Утро началось с обхода немощных и больных. За время Великого поста я должен побывать у всех тех, кто не в состоянии сам побывать в храме. И в самом поселке, и в окружающих нас деревнях. Причащаю, соборую. Со стороны, занятие вроде рутинное, а мне нравится. Верующие старики, свидетели ушедшей эпохи, последние, кто еще может рассказать о войне и времени гонения на Церковь. Молящиеся – люди смиренные, ничего не требуют и никого не осуждают. Придешь, а они радуются тебе, как дети: «Батюшка, ты наш доктор».

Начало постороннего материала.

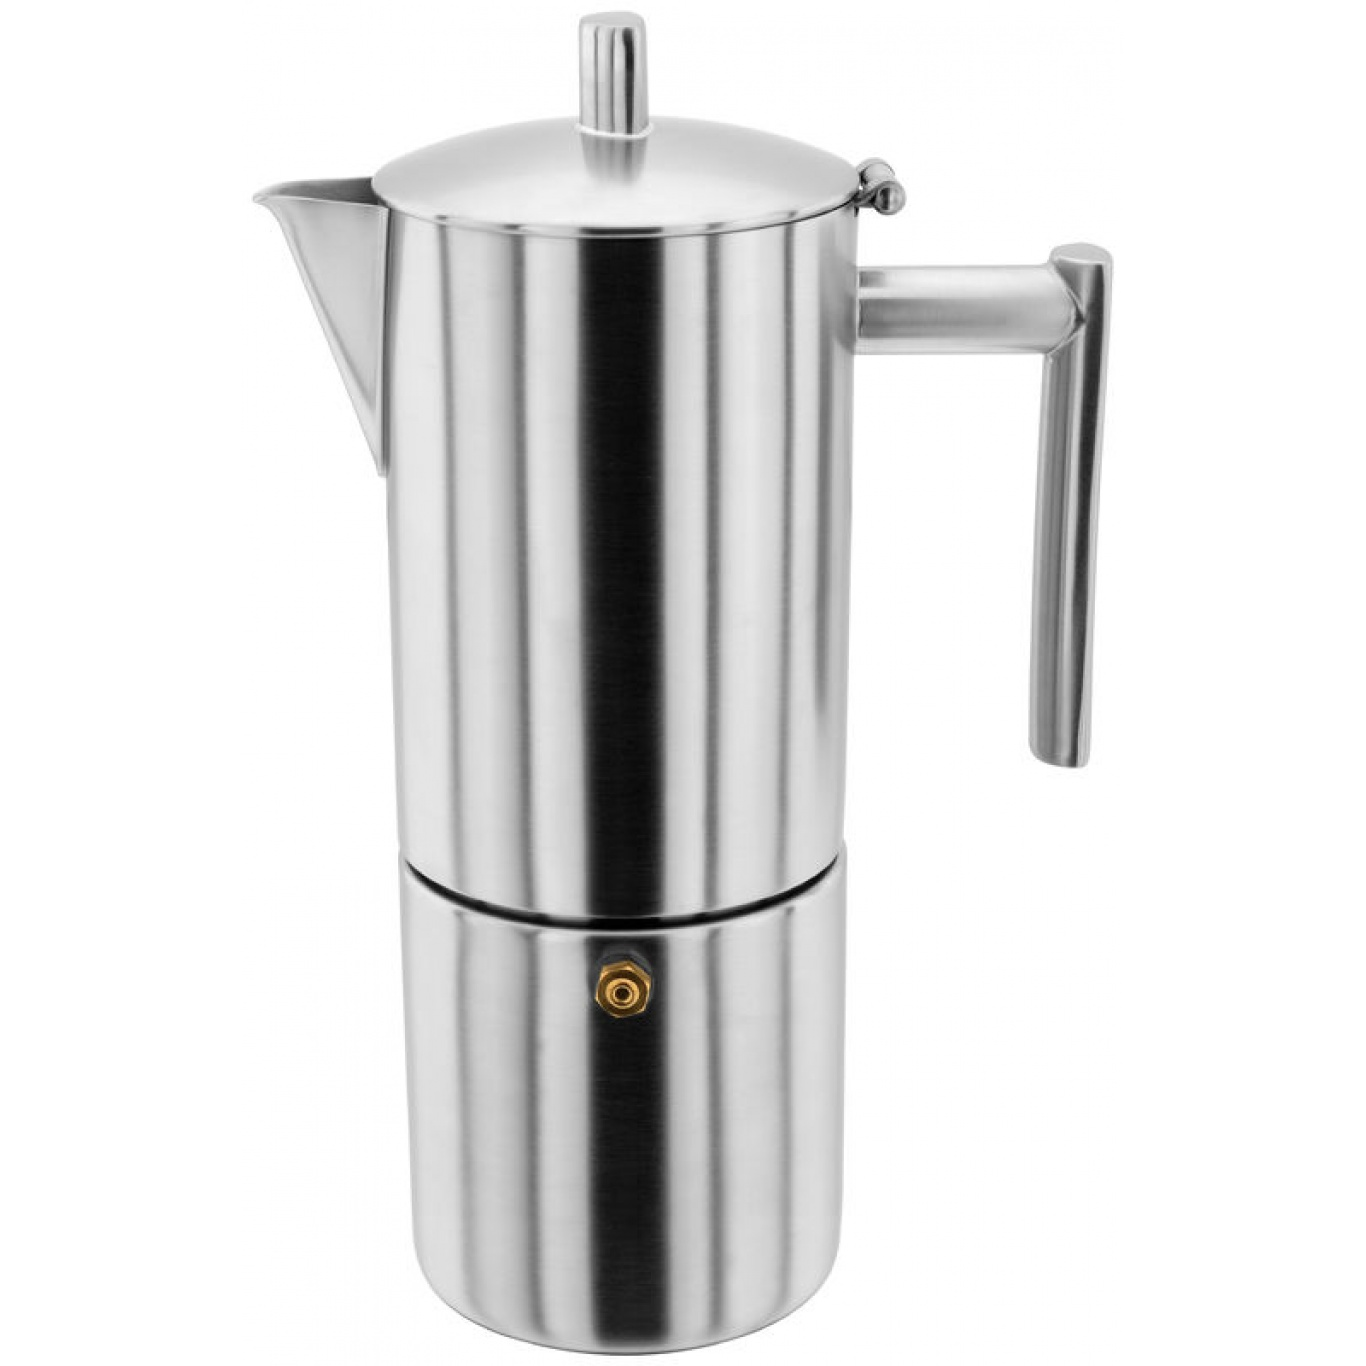 Image of Stellar 6 Cup Espresso Maker
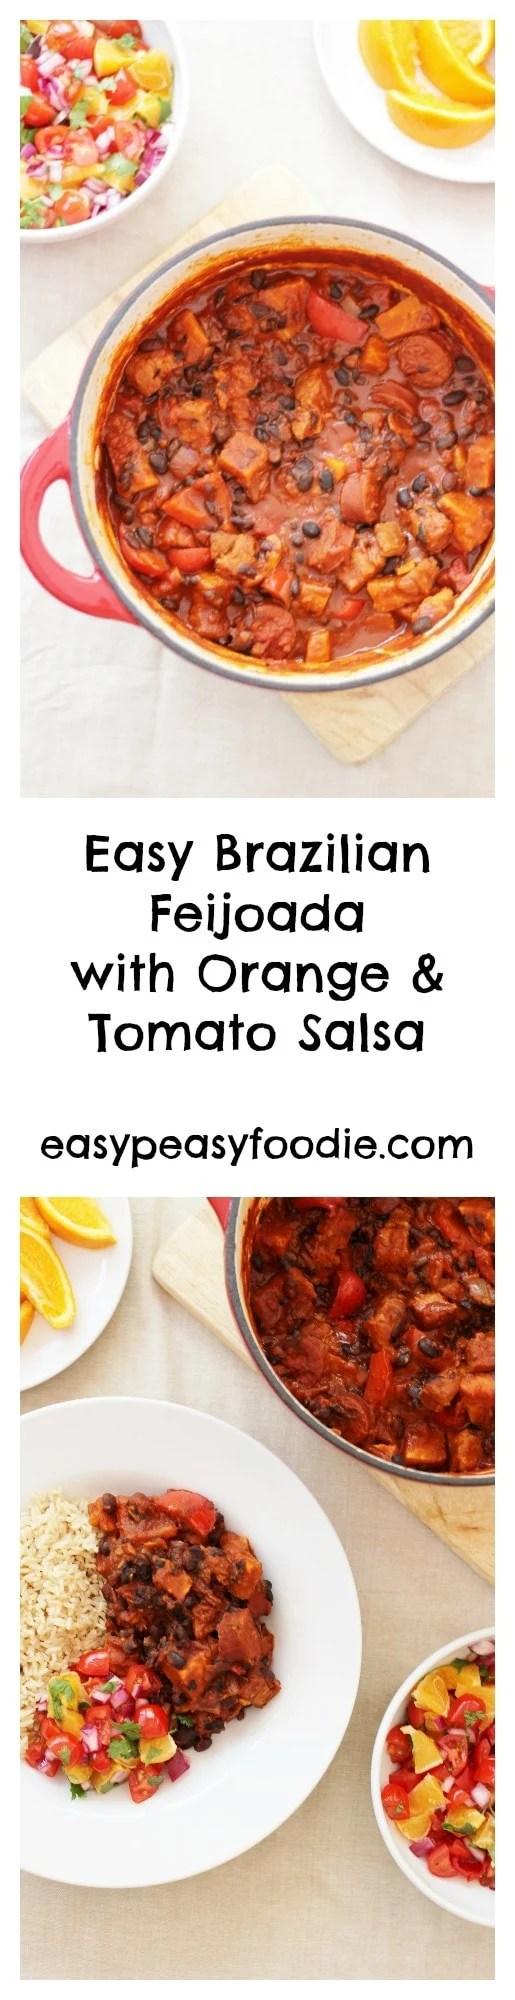 Easy brazilian feijoada with orange and tomato salsa easy peasy easy brazilian feijoada with orange and tomato salsa forumfinder Image collections

Вдруг раздается звонок и следом – бас моего товарища:
– Батюшка, как я рад вас услышать! – Хотя, когда он звонит, слушать большей частью приходится мне.
Перехватывая инициативу, поздравляю Н. с днем рождения, а он смеется:
– Ох, спасибо! Хотя день рождения у меня и не скоро, но подарок приму с благодарностью!
Эк я опростоволосился. Сколько раз себе говорил, не доверяйся снам! Пришлось созваниваться со звукорежиссером Сережей и договариваться о времени очередной записи.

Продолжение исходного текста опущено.